If the "platform team" are doing something so independent from the products that they don't need to be part of the same team, why are they in-house at all? If you're offering a generic platform, either you're doing it better than Amazon and should be in the business of competing with them, or (more likely) you're doing it worse than Amazon and should just use Amazon.

solatic · 3 years ago

> why are they in-house at all?

Someone needs to answer to Compliance, to InfoSec, to Finance. Someone needs to make sure that they all understand exactly what production looks like in their language. Compliance wants to know whether we keep EU data in the EU. InfoSec wants to know whether all our code in production passed security review. Finance wants to prevent costs from spiraling out of control and to judge which projects to fund.

Good luck trying to get AWS's "platform" to do any of that as a managed service, out of the box and without any in-house engineering time!

roguas · 3 years ago

> but if you're spinning up eight different Kubernetes clusters for eight different teams then you probably need to collaborate a bit better

Why? there can be reasonable scenario for that - say 8 reasonably seperated projects run by 100 people?

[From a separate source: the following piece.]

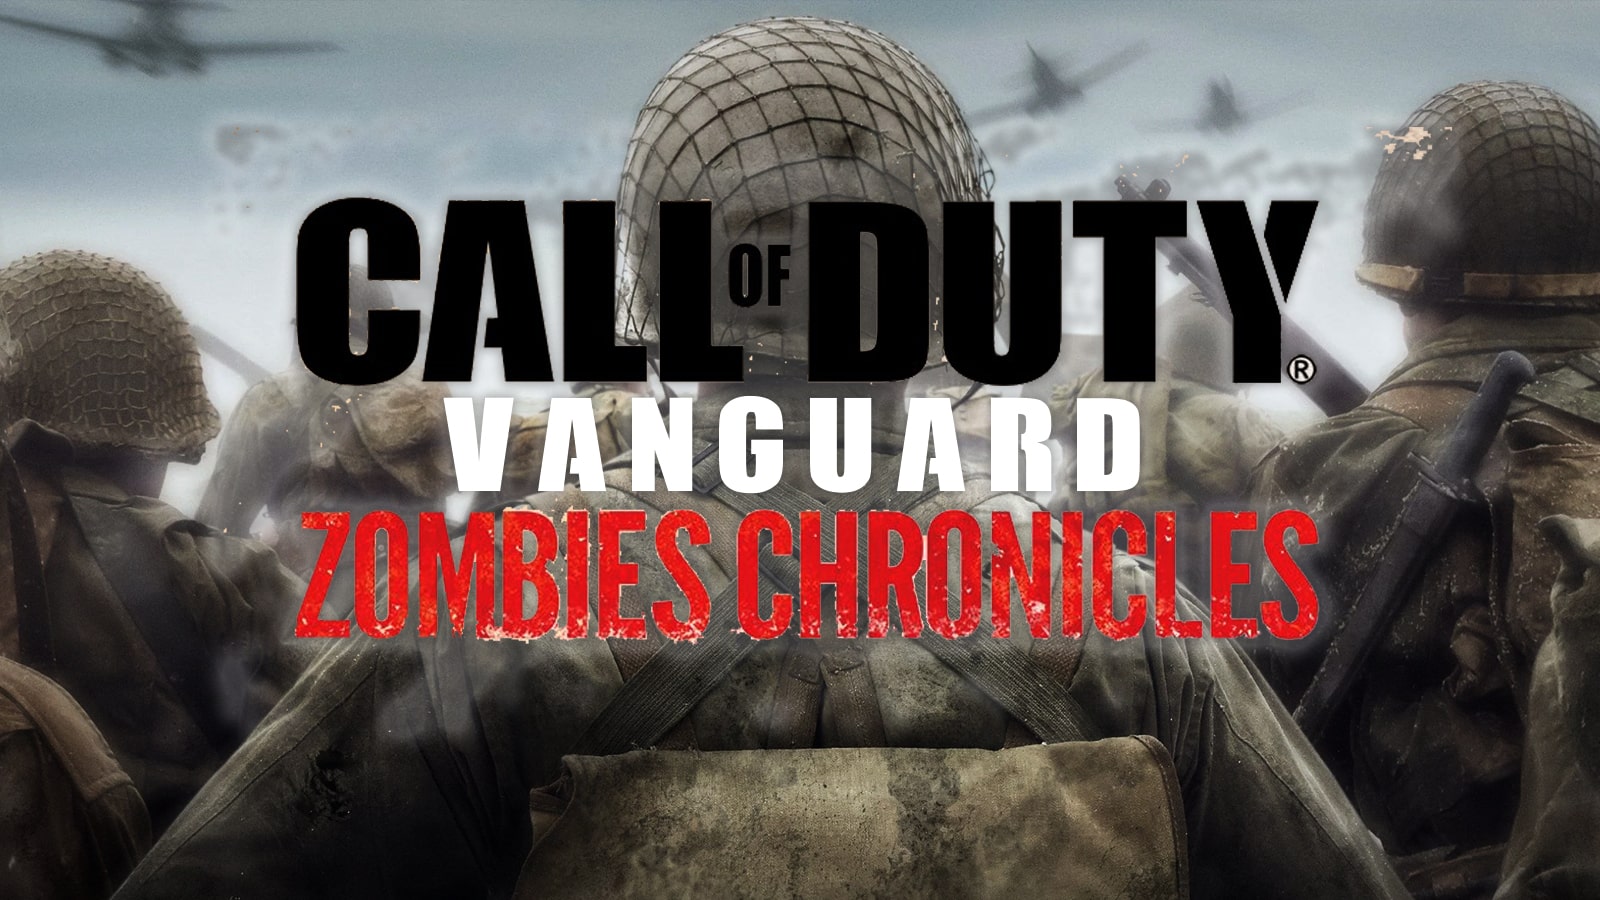 call of duty world at war zombies logo

Also I do not see how being serverless "doesnt apply". It does apply because a lot of your infra is security, especially company-wide security configuration.

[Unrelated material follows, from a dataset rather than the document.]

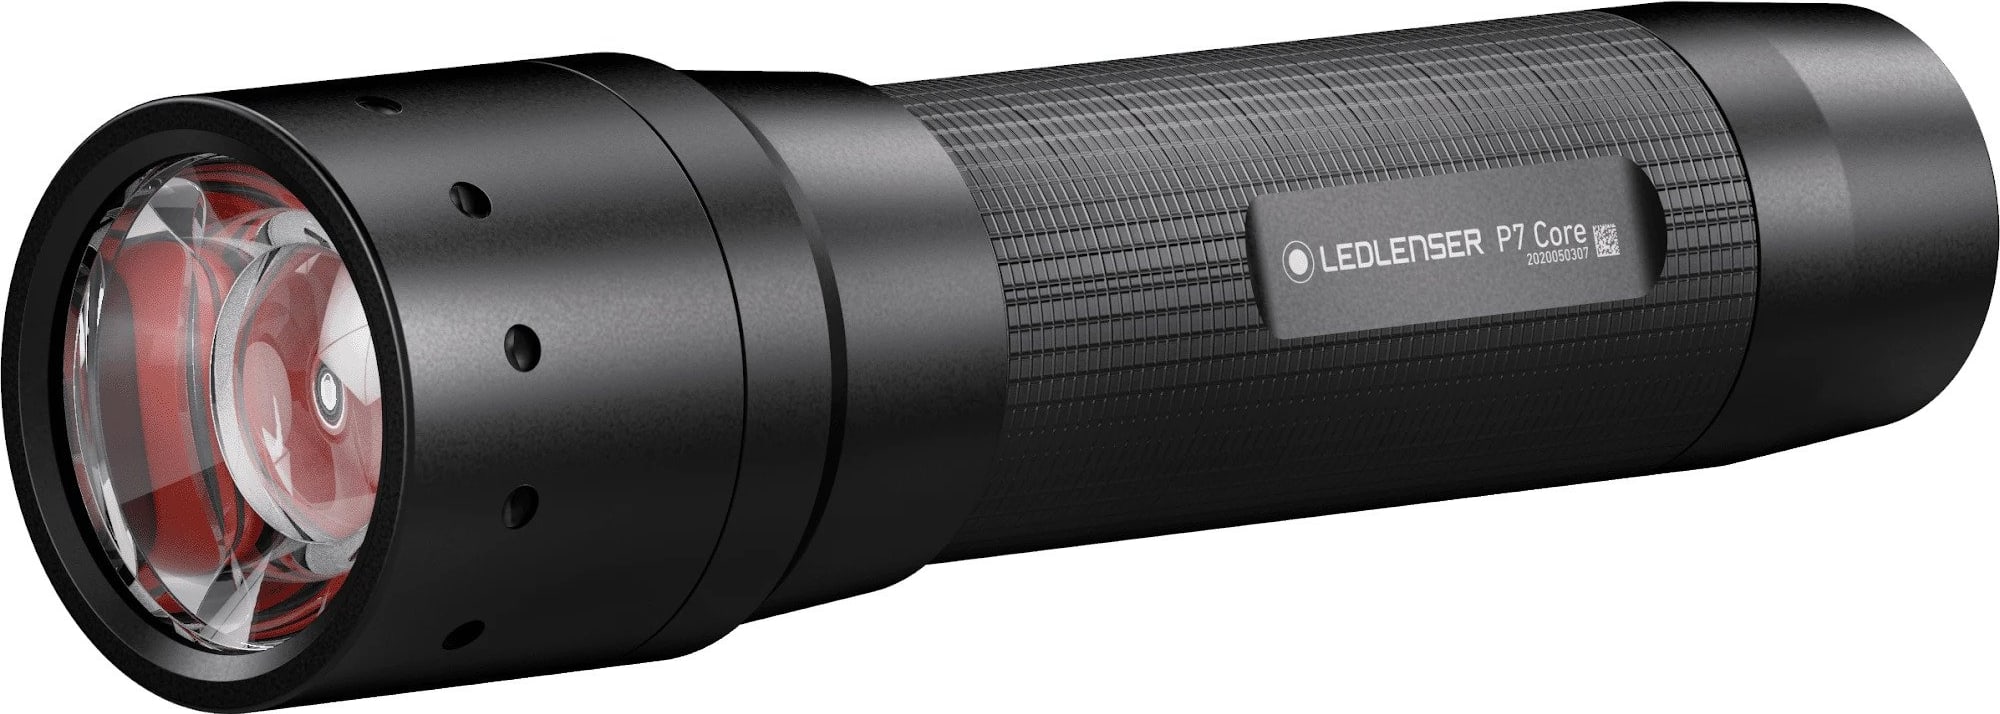 Transcend Svare Viewer LED Lenser P7 Core - Flashlight with 450 Lumens | TEquipment

I understand the deeper meaning of the message, but at the same time devops is a thing because it likely hurt more than other cases mentioned. But I think the whole thing is often a balance between integrated / standalone.

Every team and project requires breathing room but also requires certain level of integration. Devops was needed and is proceeding - find an engineer who has no docker experience today, compared to the past where often engineers had 0 idea of delivery. Other groups may rise their own requests if they feel, but they will lose some flexibility from being standalone.

readlikeasloth · 3 years ago

> If you're 100% serverless then this doesn't really apply, but if you're spinning up eight different Kubernetes clusters for eight different teams then you probably need to collaborate a bit better.

This is exactly the situation I´m currently in. Company decided to migrate from big on-prem kubernetes to AWS. Now every team got their own account and well... good luck, you´re on your own now. We´re a small team of three developers. Although we have three certifications under our belts (AWS Dev, CKA, CKAD) it took us almost three months to configure AWS and set up the Terraform pipeline and define processes like "upgrading cluster". The "enabling" part was basically missing in the whole cloud strategy of the company. It was more like: good luck, you´re on your own now.

In fact we made contact with a neighboring team. Only to find out that their use case was so different from ours that collaboration didn´t make any sense. For them Kubernetes was not a good fit, for us it was the way to go.

Speaking of sharing a cluster or AWS ressources: we figured out that it is not allowed due to billing reasons. Company policy is: One product per AWS account.

If you ask me I see a shift of paradigms happening here. Now you hear a lot about "enabling teams" instead a dedicated team for infrastructure providing services (e.g. the Kubernetes podcast from Google). I´m not convinced yet. I think this is more like kicking down responsibility down the chain. And then it feels more like: Someone needs to do the dirty work but nobody wants to do it.

It might work if you don´t have to provide Service-level agreements (in our case: we don´t). For us it is just more work to do. And our work shifts from dev to ops. Instead of writing software we´re mostly busy with configuring cloud resources. This will ease a bit once everything is running. However: I see this whole change more as ... uh, strong word... ideologically motivated. Cui bono? Neither our team, nor our users nor our infrastructure bill.

solatic · 3 years ago

> it is not allowed due to billing reasons. Company policy is: One product per AWS account.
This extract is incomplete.